Effects of HIV disease severity on regional brain volumes and neurocognitive and sensorimotor functions
There were no main effects for HAART or CDC symptomatic status for regional brain volumes, neurocognitive/sensorimotor domains and no interactions between HAART or CDC status and smoking status. There were no main effects of viremia for regional brain volumes. Viremic individuals performed significantly worse than those with suppressed viral loads on all neurocognitive and sensorimotor domains (P = .002−.046); however, when covaried for the significantly higher average drinks per day over the week prior to evaluation in the viremic (10.6 ± 4.4 drinks/day) compared with the suppressed group (5.6 ± 2.5 drinks/day) (P = .002), all group differences on neurocognitive and sensorimotor domains were no longer significant. This indicated that alcohol consumption during the week prior to study mediated performance rather than level of viral burden.

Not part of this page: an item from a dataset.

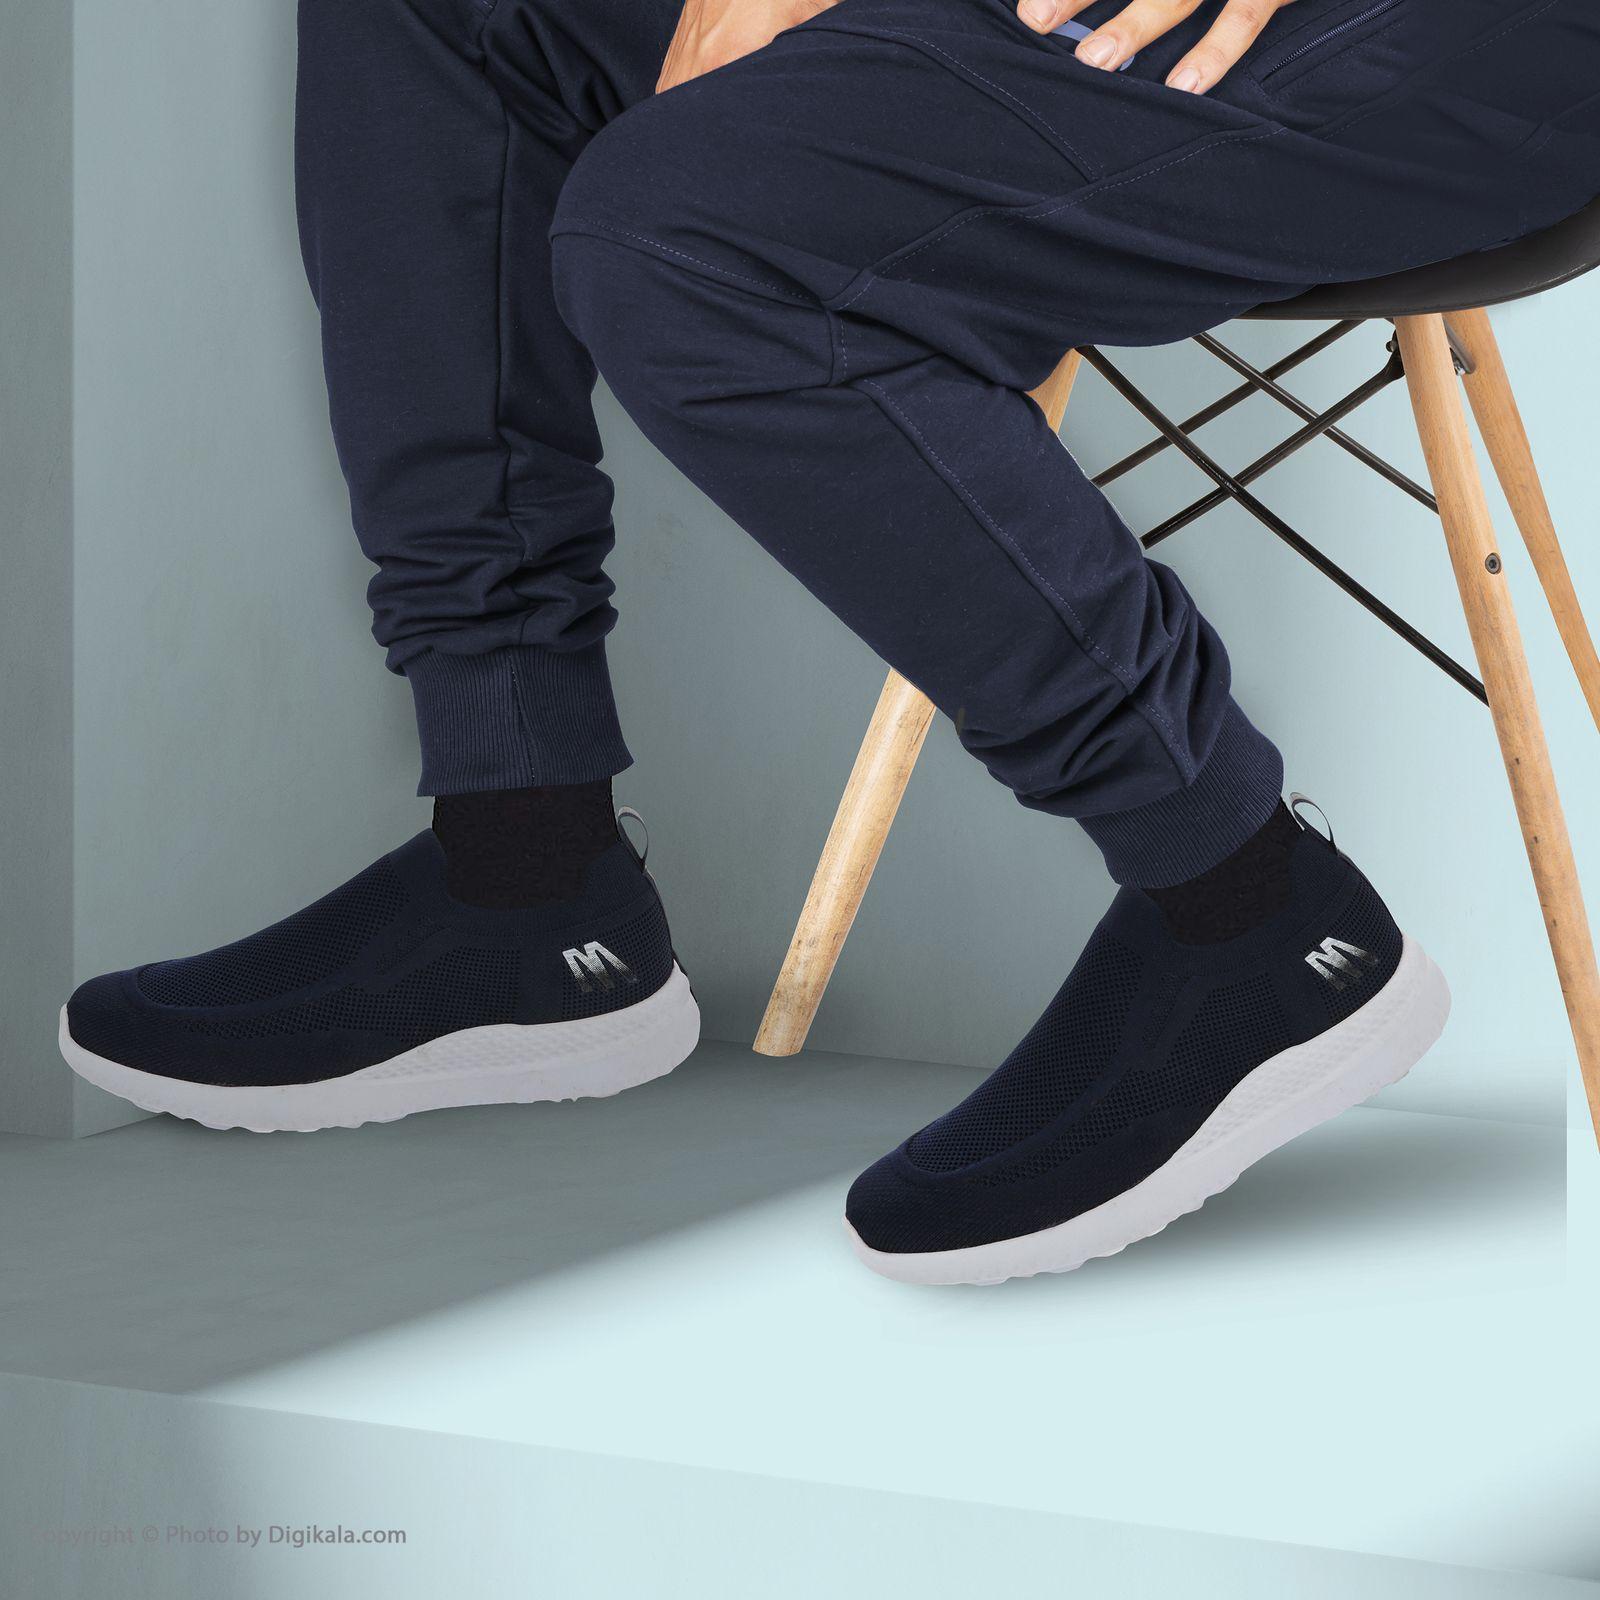 کفش راحتی مردانه مل اند موژ مدل 1020-15-400 main 1 1
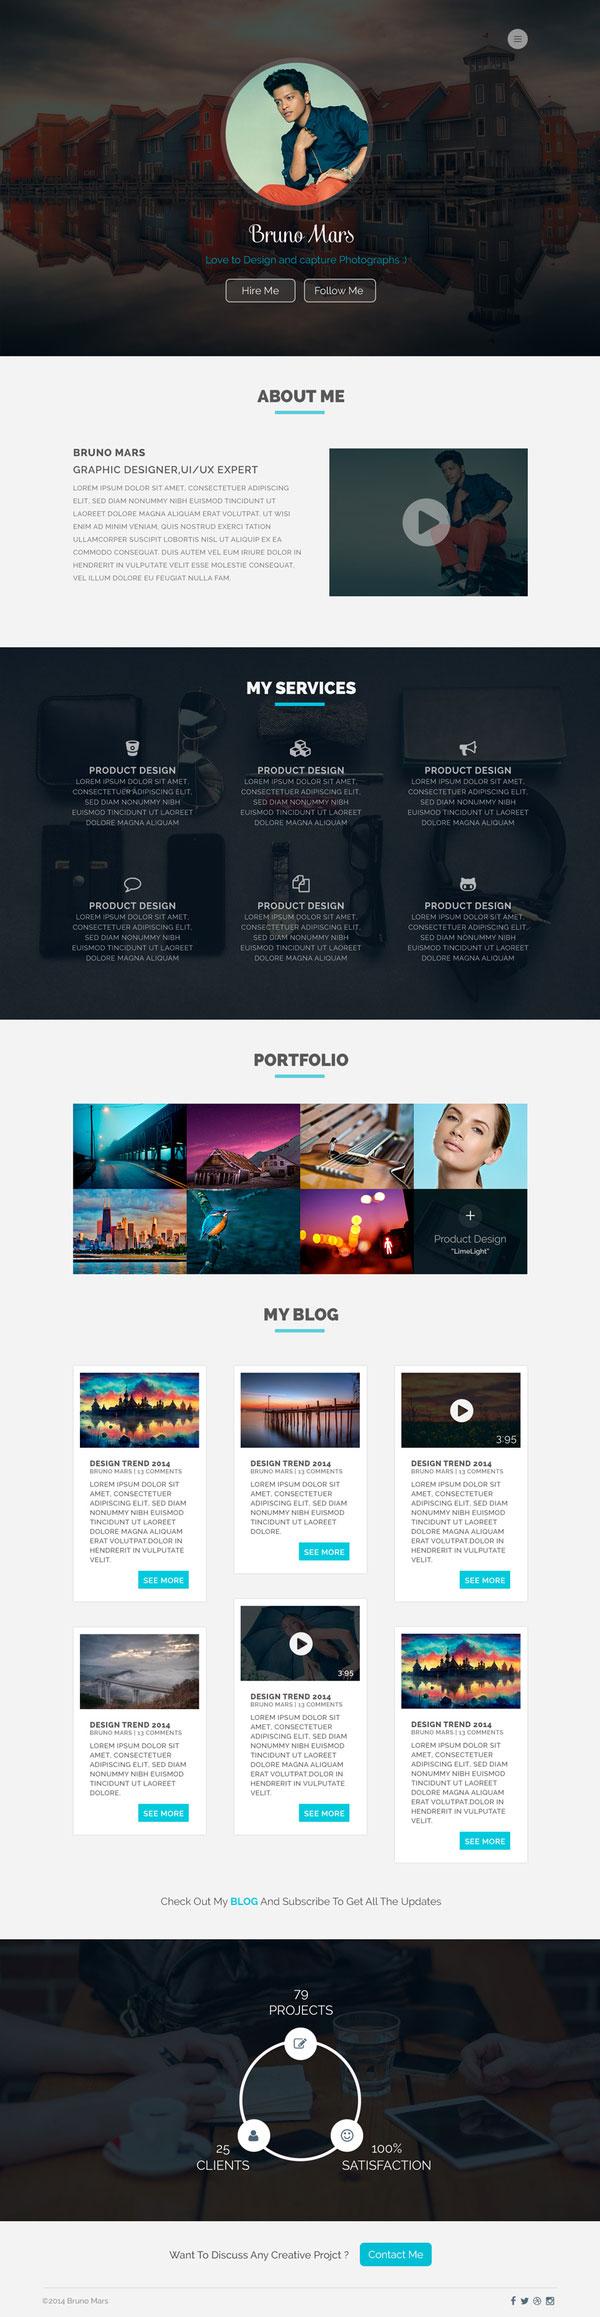 Free Designer Portfolio PSD Template

Relationships among outcome measures in HD+
In the combined HD+ group (significant P ≤ .008), average number of drinks over past week was inversely related to fine motor skills (r = −0.56, P = .003) with a trend for executive skills (r = −0.48, P = .012). In the individual HD+ groups and the combined HD+ group (i.e., sHD+ and nsHD+), there were multiple moderately strong positive correlations (r = 0.40−0.50, P = .015−.03) between visuospatial learning and memory, visuospatial skills, and parietal, temporal, occipital WM and total lobar WM; however, these relationships did not survive our stringent correction for multiplicity (significant P ≤ .007). No significant relationships were observed among regional brain volumes and alcohol consumption variables; these correlations were generally weak and did not approach statistical significance for the individual groups or the combined HD+ sample. Furthermore, after rigorous correction for multiplicity, regional brain volumes, neurocognitive, or sensorimotor domains were not significantly related to viral load, CD4+ and CD8+ variables, aspartate aminotransferase, alanine aminotransferase, complete blood count variables (e.g., erythrocyte and leukocyte levels, hematocrit, etc), BDI, and duration of dependence on substances other than alcohol in the individual HD+ groups as well as the combined group.